» **Task item**
In the listing below, the lines starting at the line with "Scooby doo Wallpaper: Scooby" and ending at the line with "Bladderwrack, Burdock Root" are to be output verbatim. Images stay out of the copy.

» **Data for analysis**
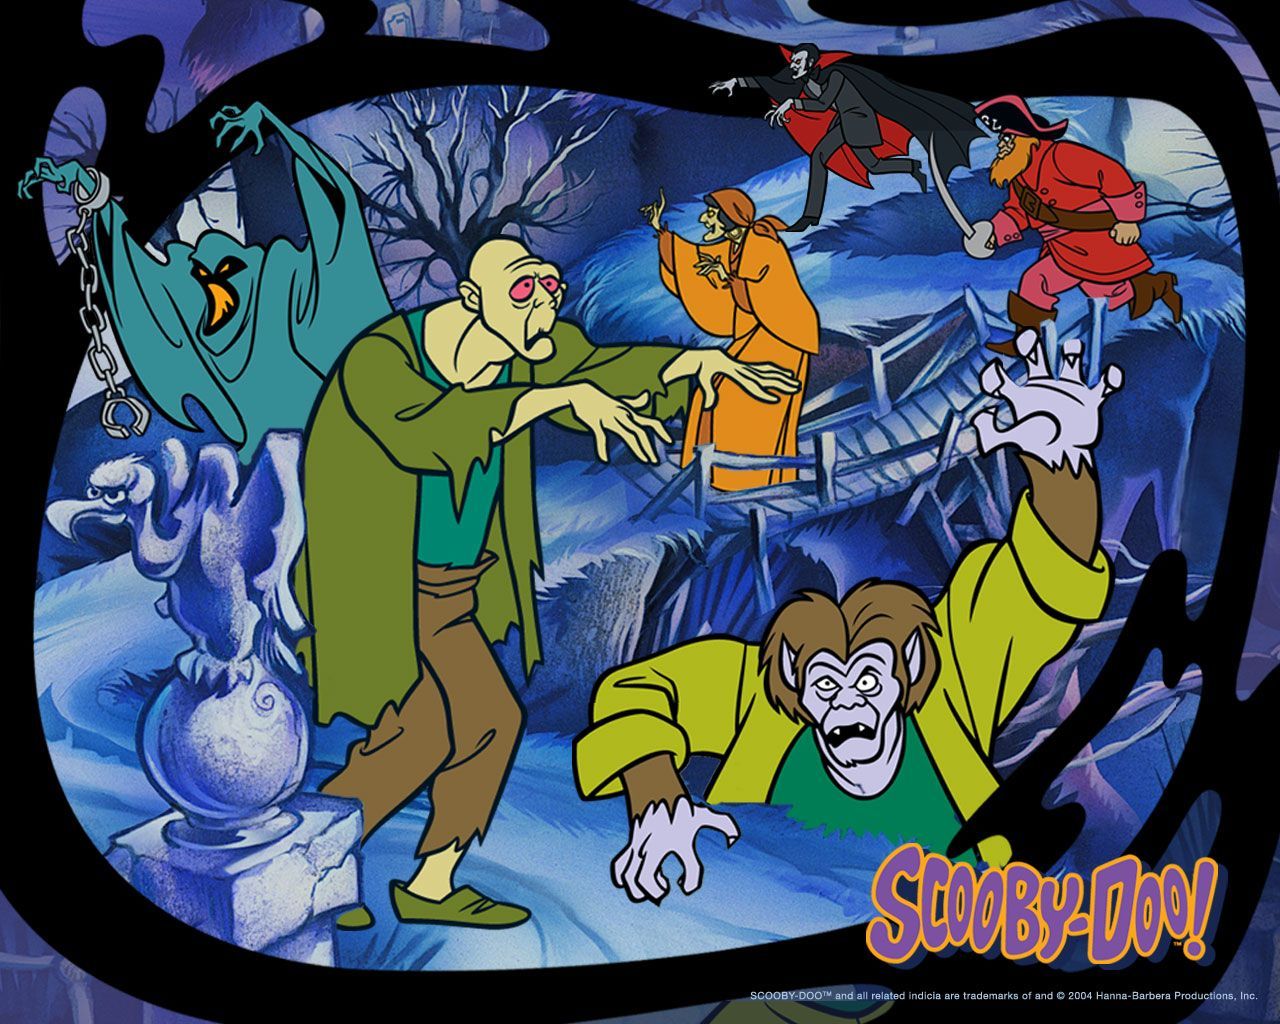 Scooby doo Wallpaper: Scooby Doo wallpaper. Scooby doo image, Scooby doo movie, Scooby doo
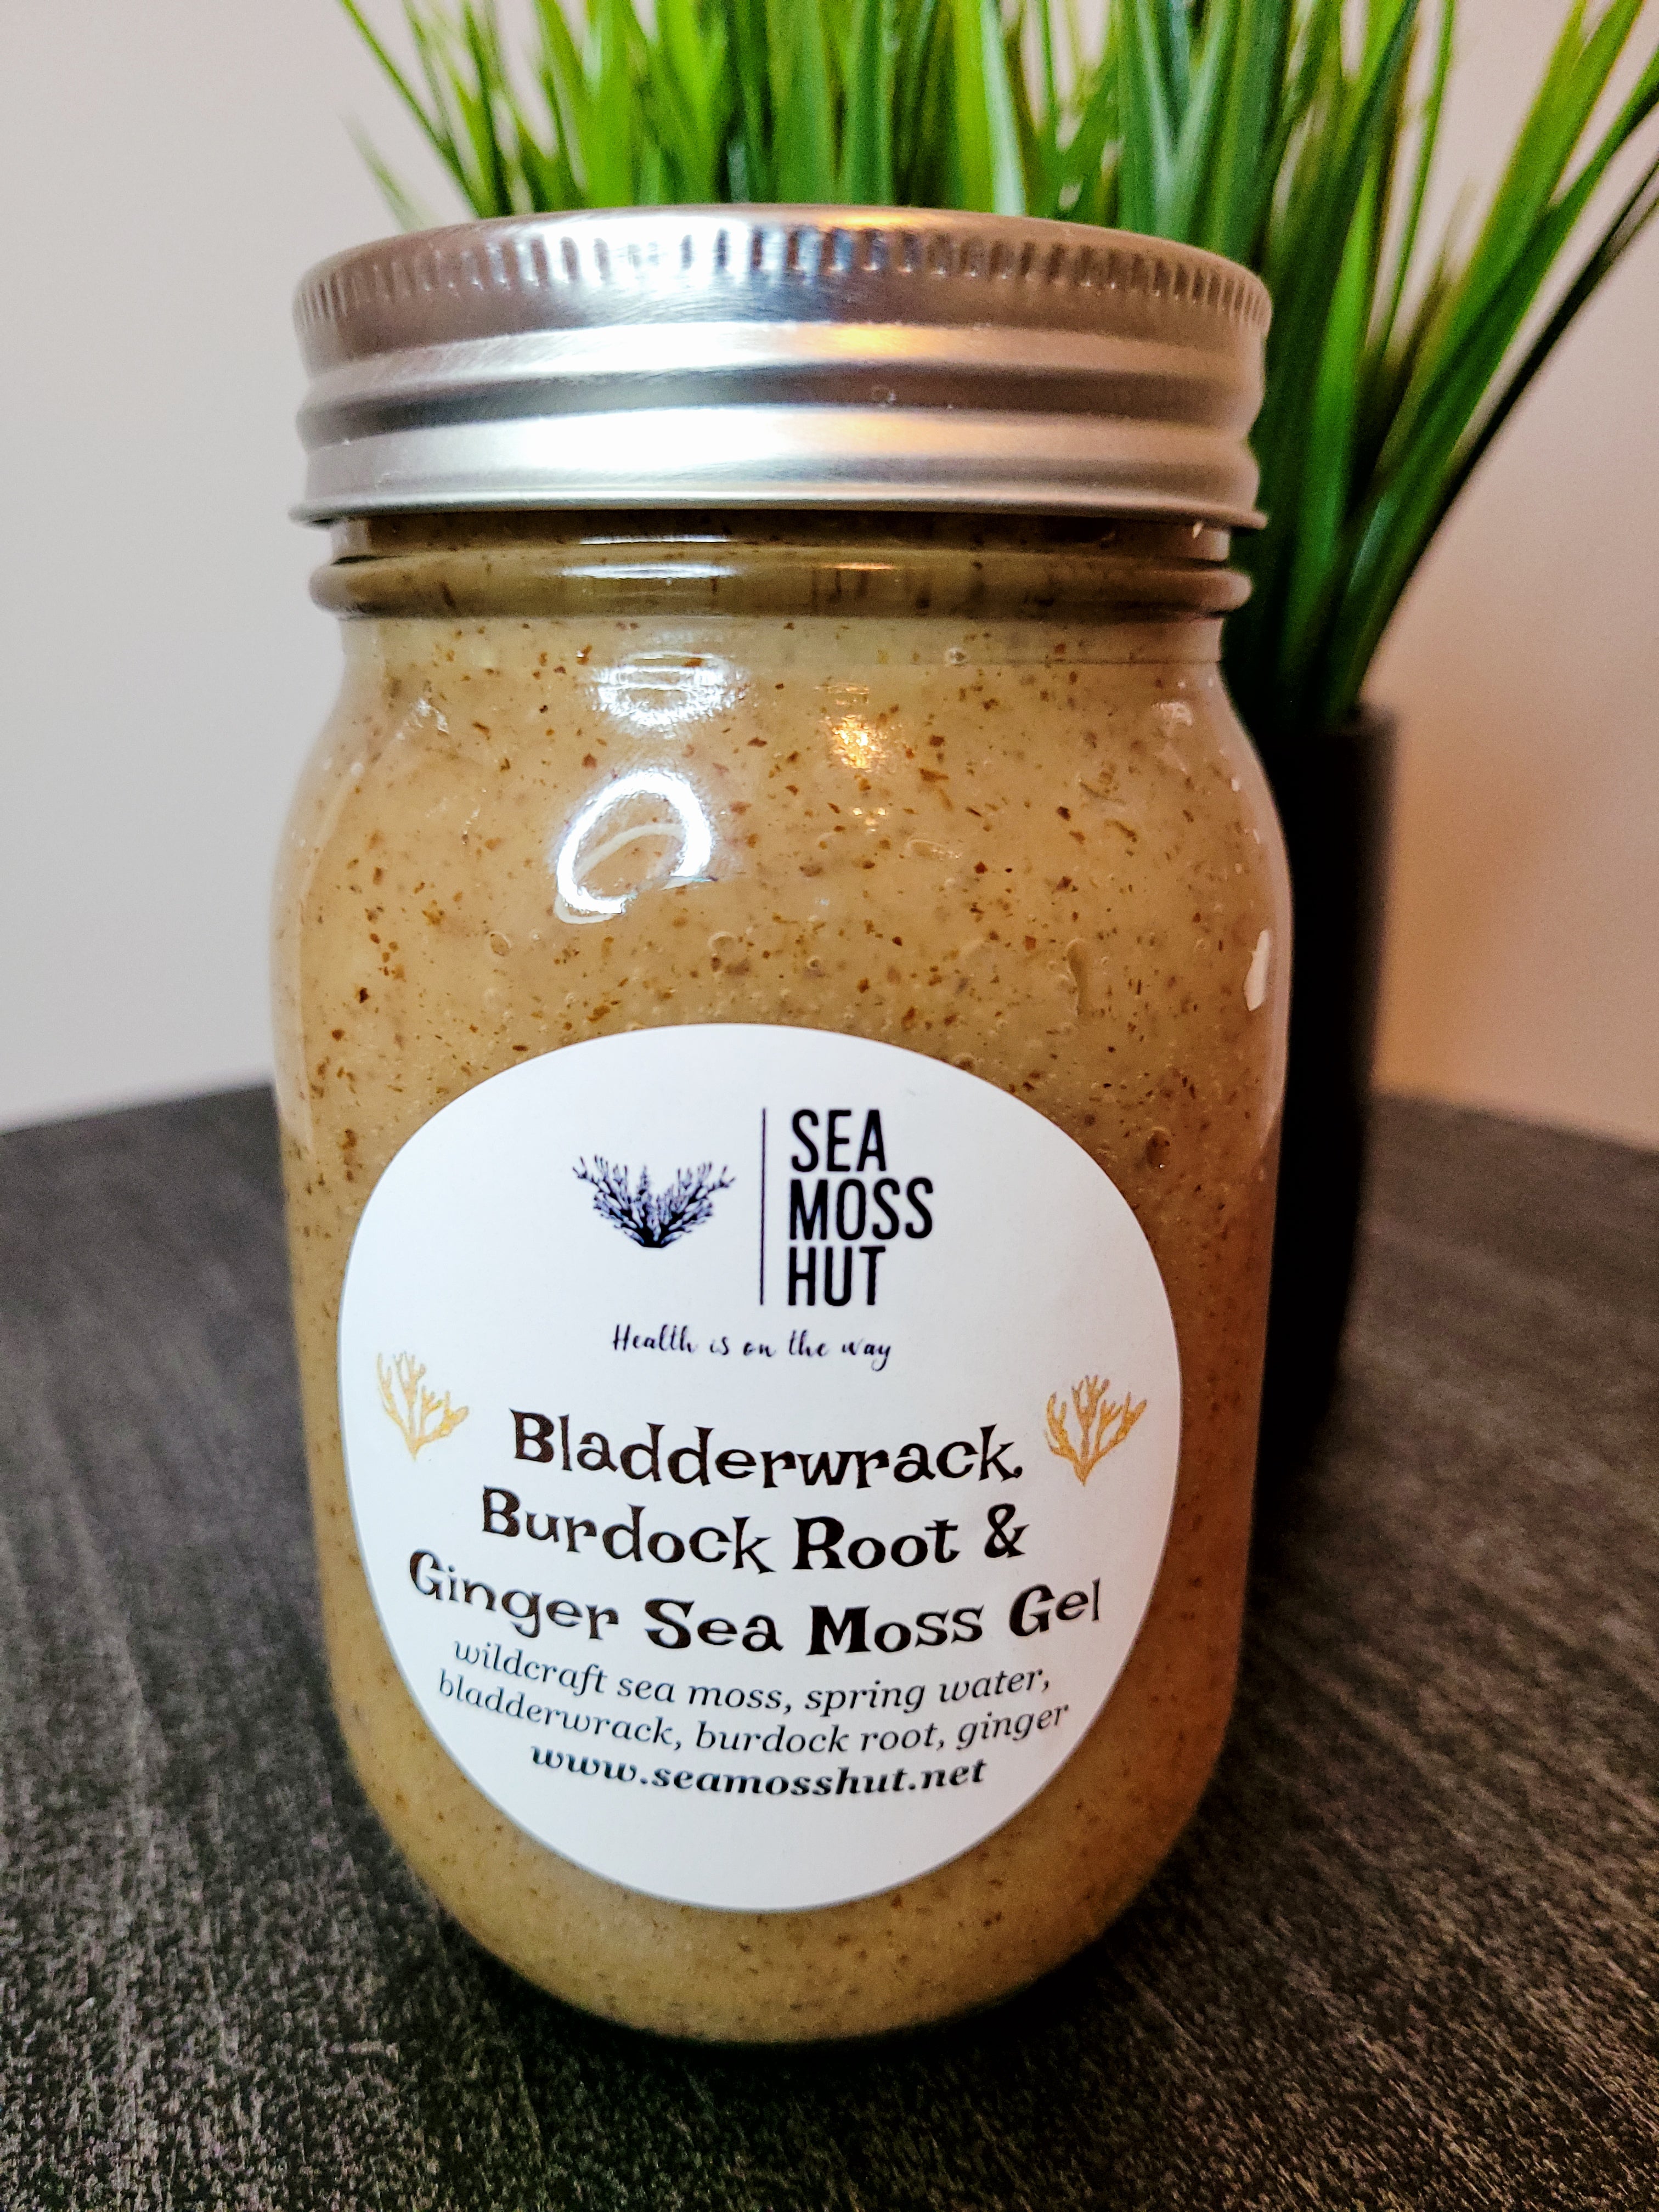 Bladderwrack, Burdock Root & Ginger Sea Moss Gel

...

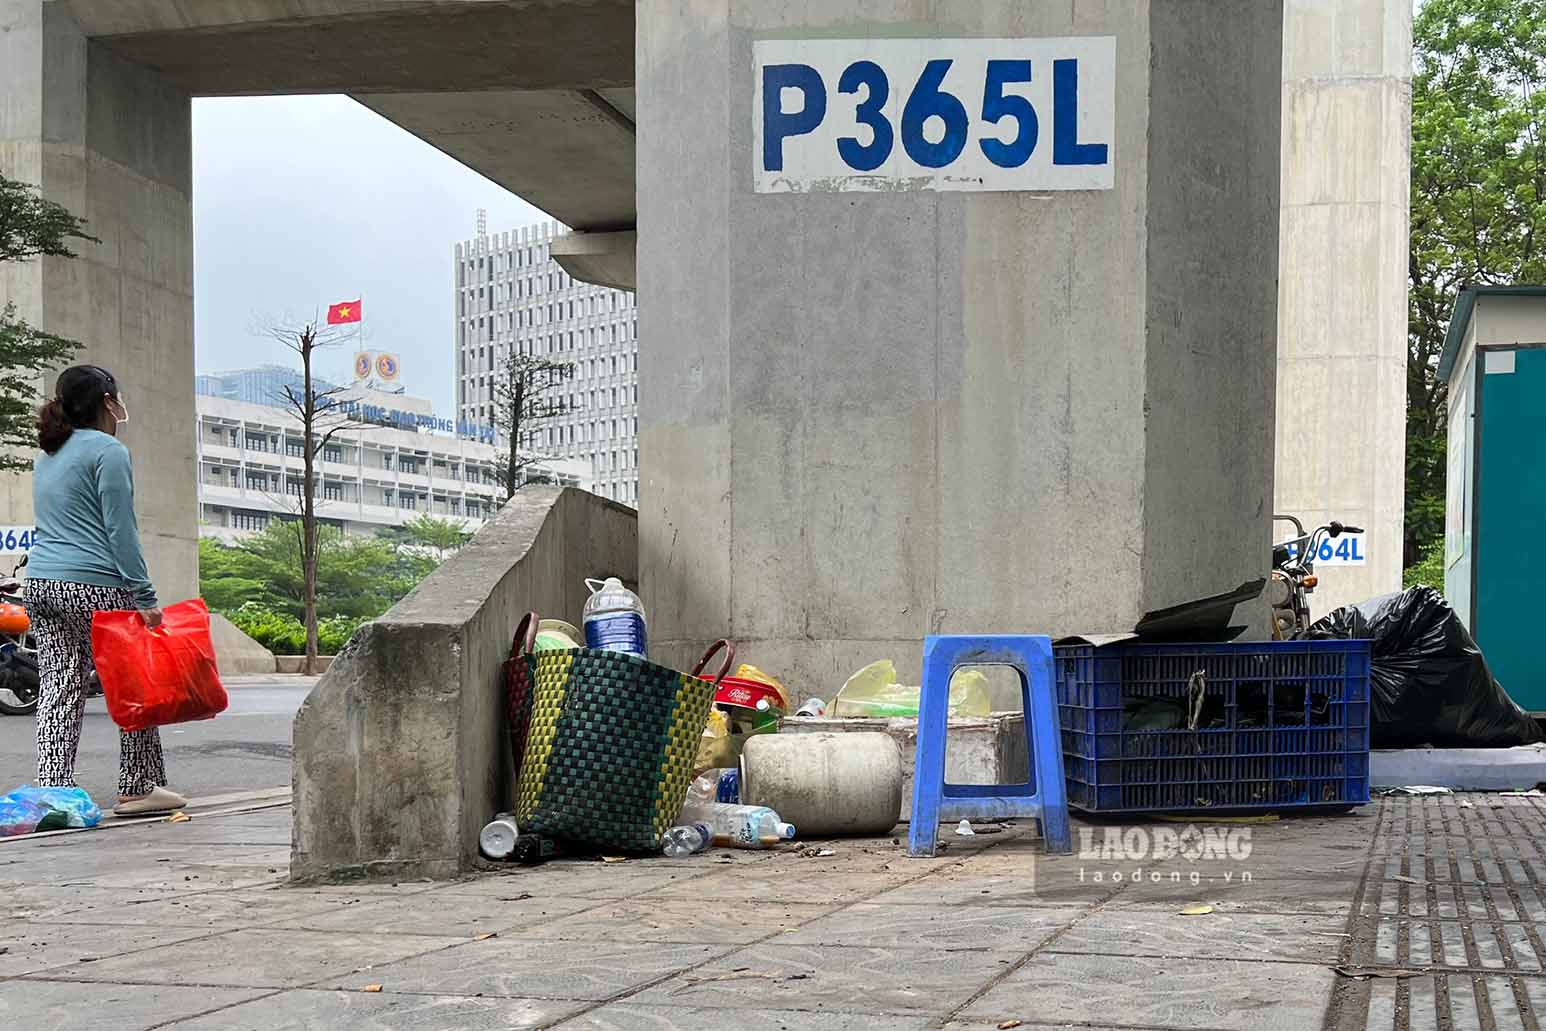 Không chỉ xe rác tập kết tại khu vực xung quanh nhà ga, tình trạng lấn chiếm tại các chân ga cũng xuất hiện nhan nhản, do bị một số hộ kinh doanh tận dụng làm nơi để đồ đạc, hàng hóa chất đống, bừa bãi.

» **Written reply**
 Scooby doo Wallpaper: Scooby Doo wallpaper. Scooby doo image, Scooby doo movie, Scooby doo
 Bladderwrack, Burdock Root & Ginger Sea Moss Gel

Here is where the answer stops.